> _EXTRACTED DATA_:
===============

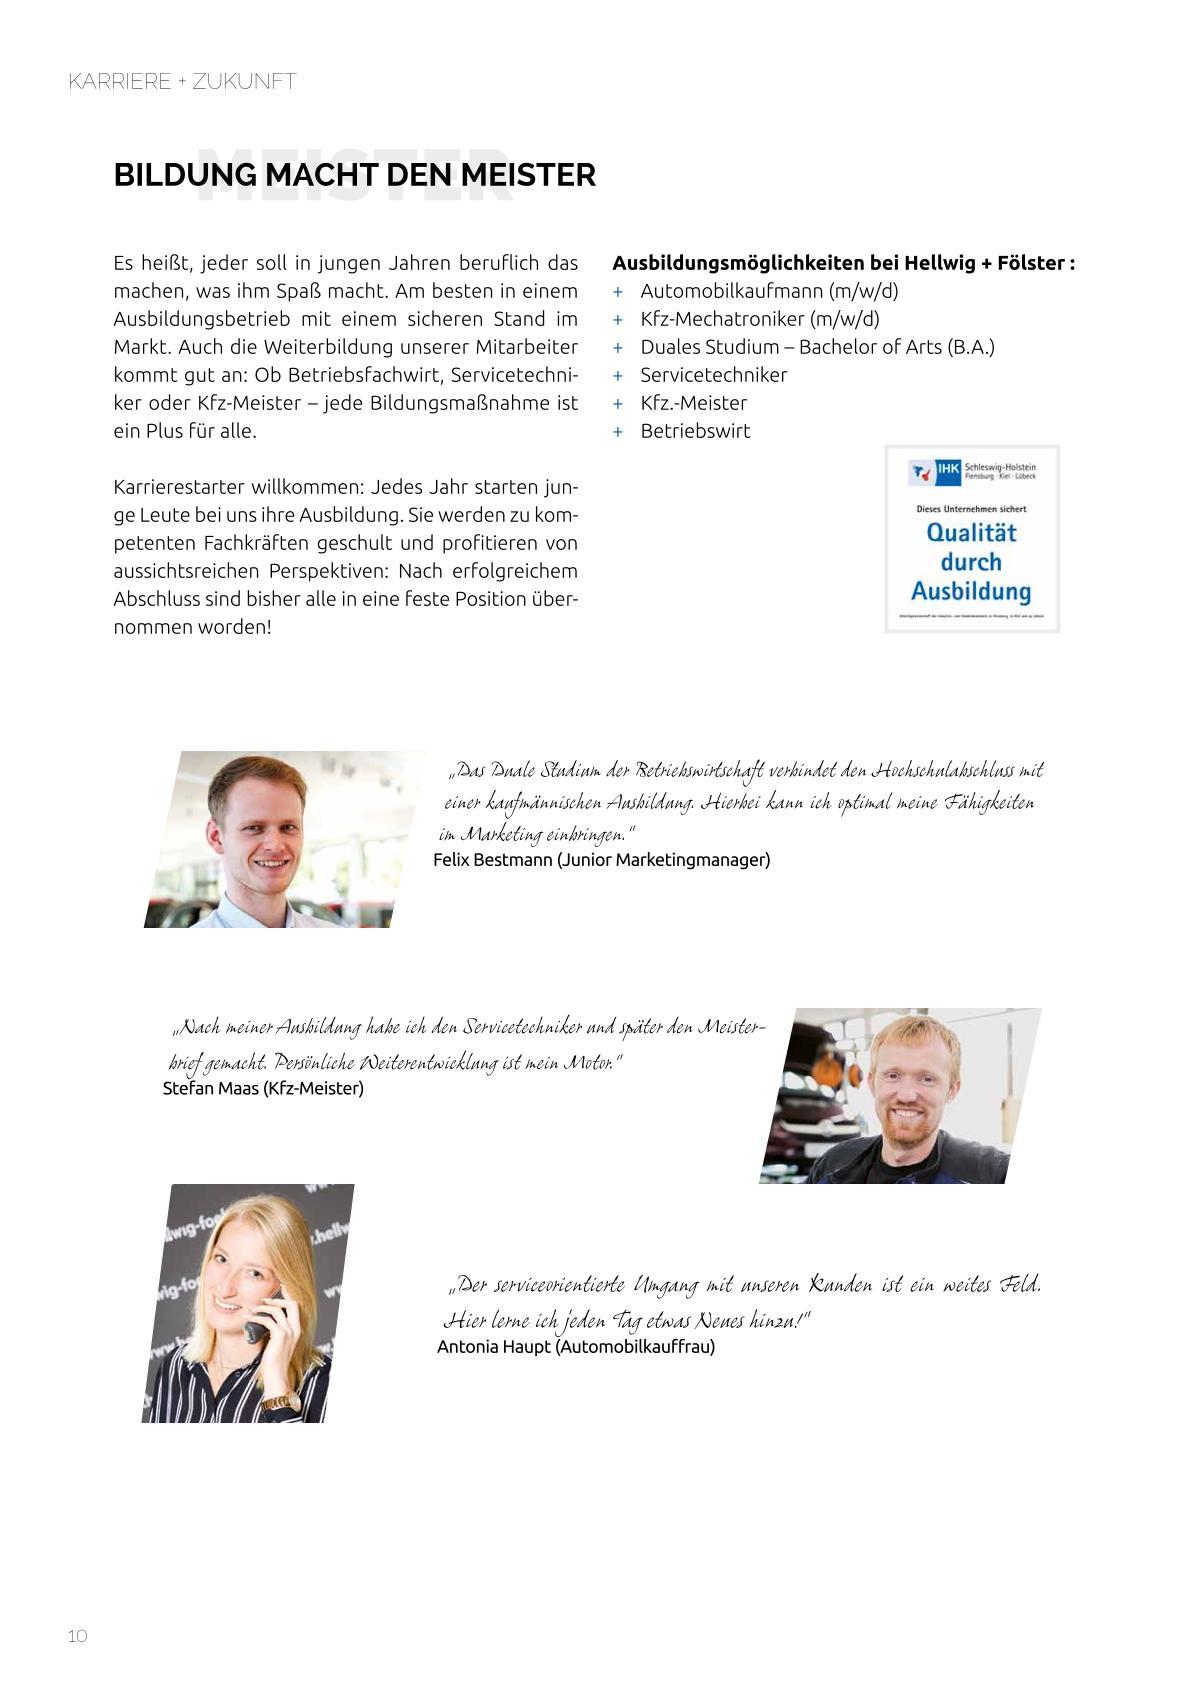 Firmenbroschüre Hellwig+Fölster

===============

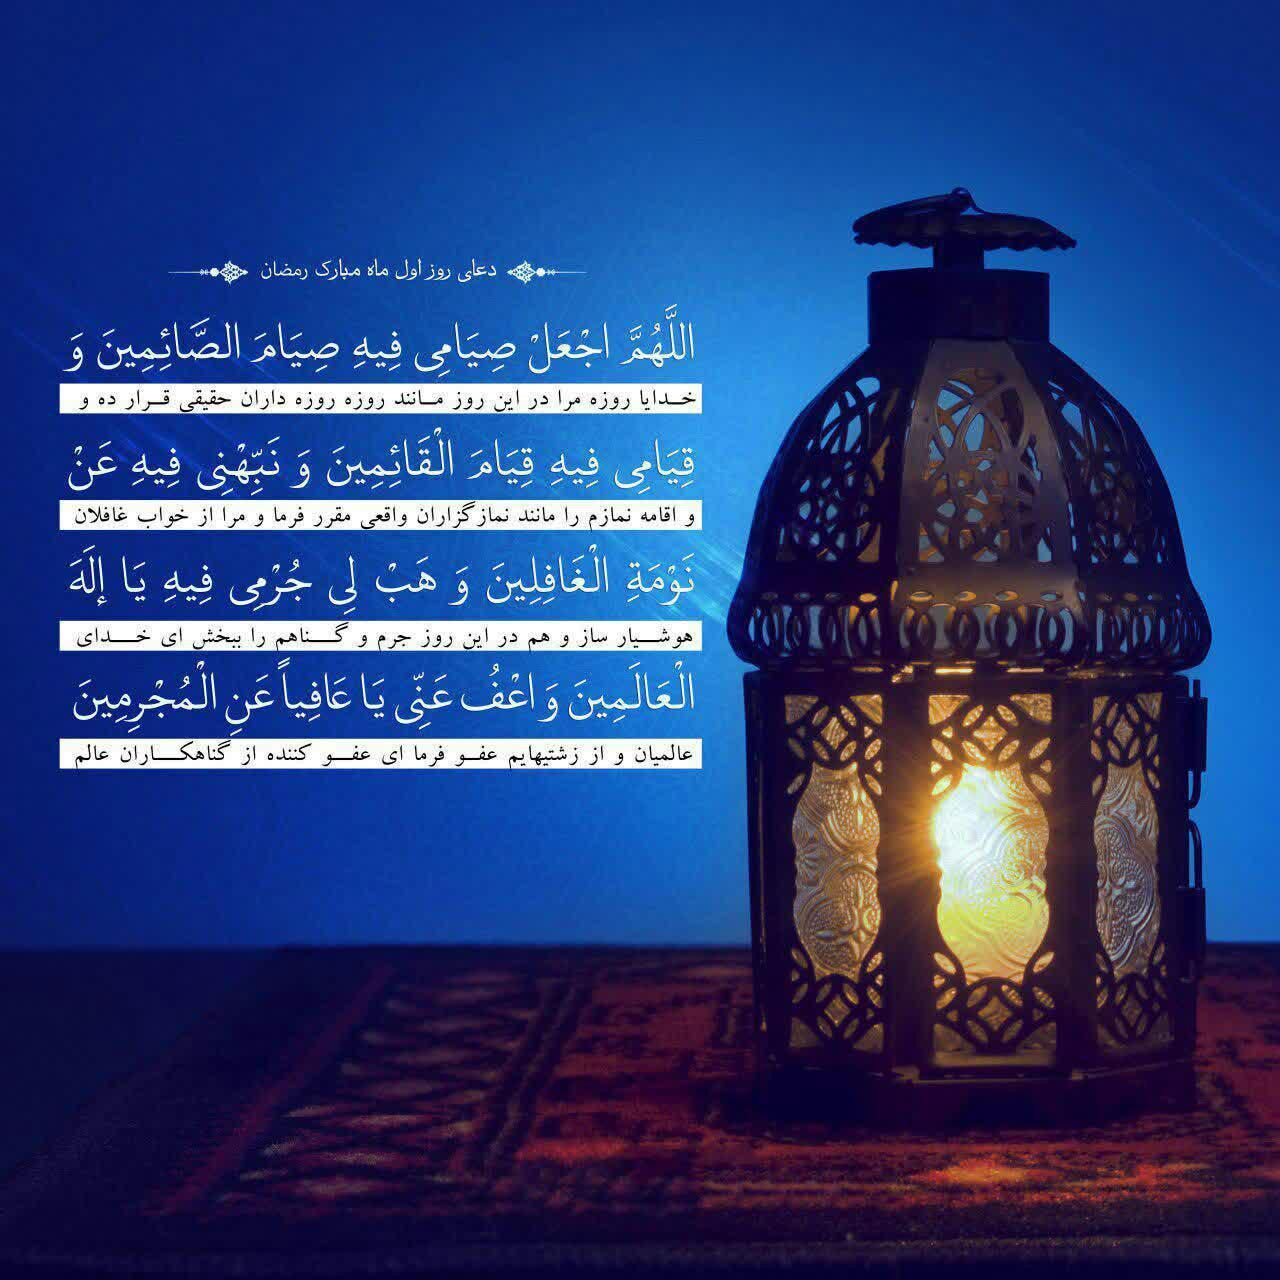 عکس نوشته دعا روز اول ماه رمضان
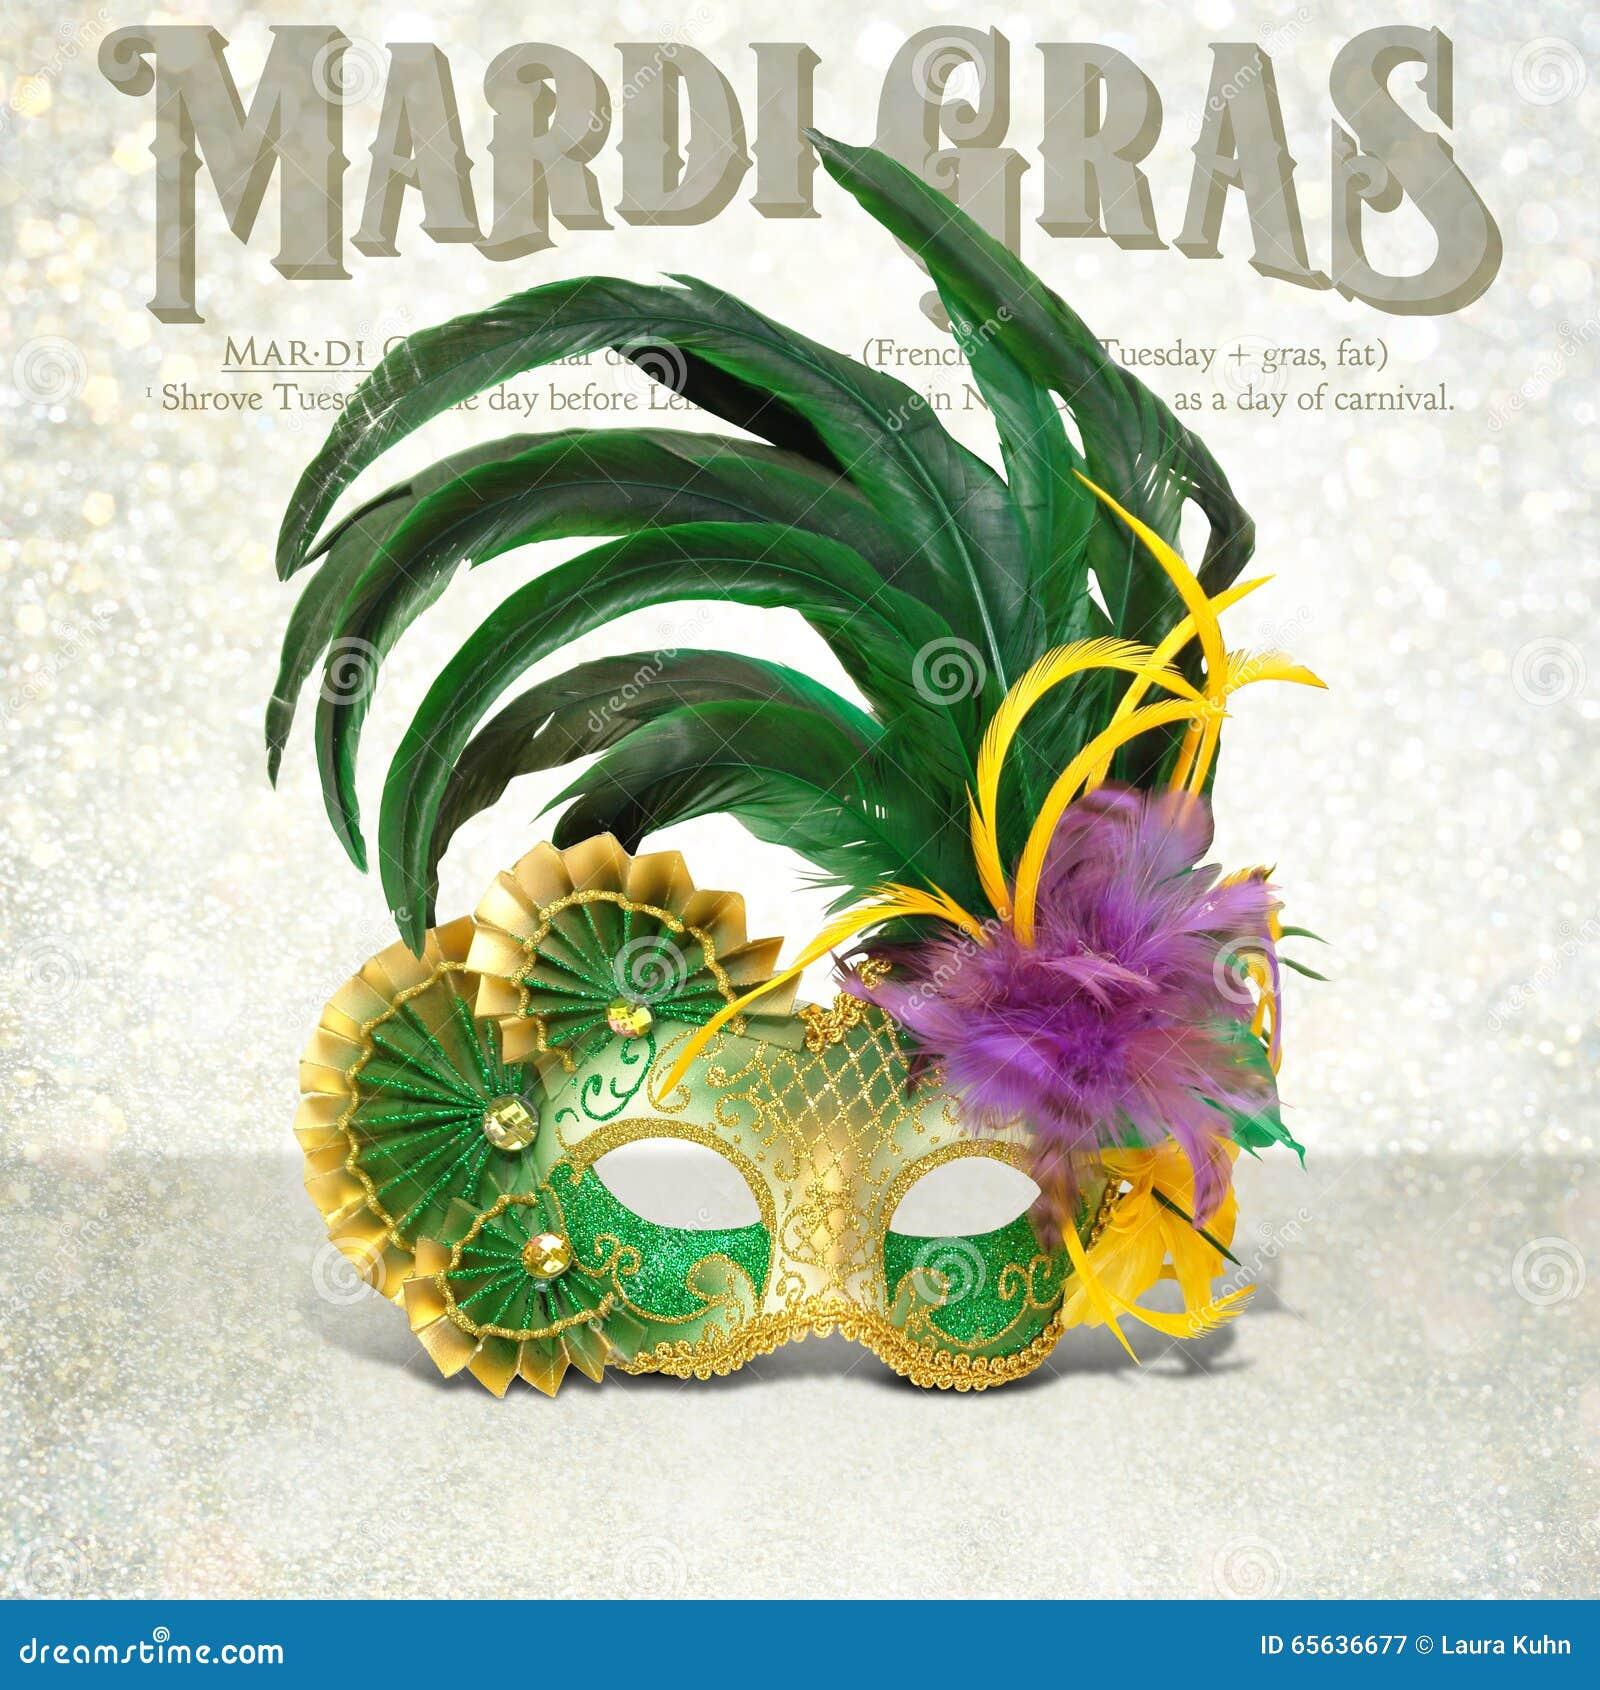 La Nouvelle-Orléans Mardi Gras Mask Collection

===============

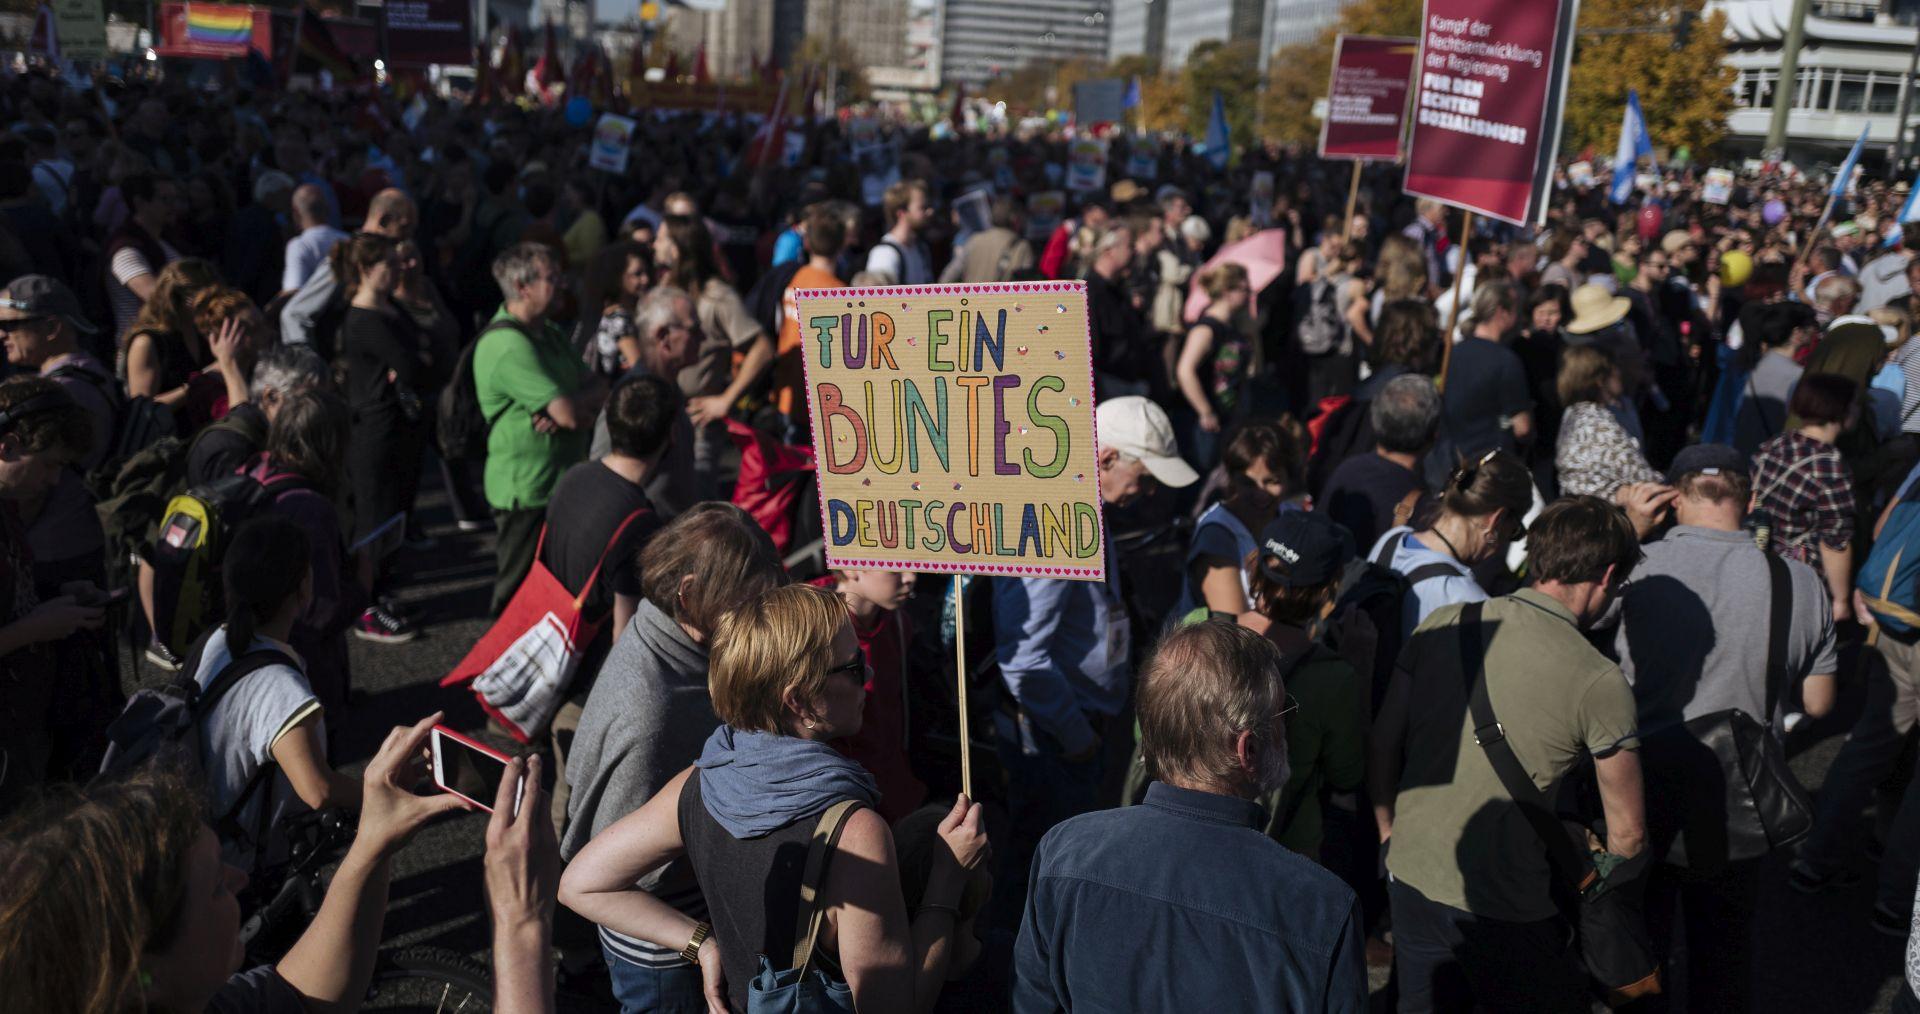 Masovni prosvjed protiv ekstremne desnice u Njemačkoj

===============

> _TASK DIRECTIONS_: In the listing above, find the line containing "عکس نوشته دعا روز اول ماه رمضان". Output it and every line after it up to and including the line containing "La Nouvelle-Orléans Mardi", exactly, but skip the pictures.

> _ANSWER SECTION_:
 عکس نوشته دعا روز اول ماه رمضان
 La Nouvelle-Orléans Mardi Gras Mask Collection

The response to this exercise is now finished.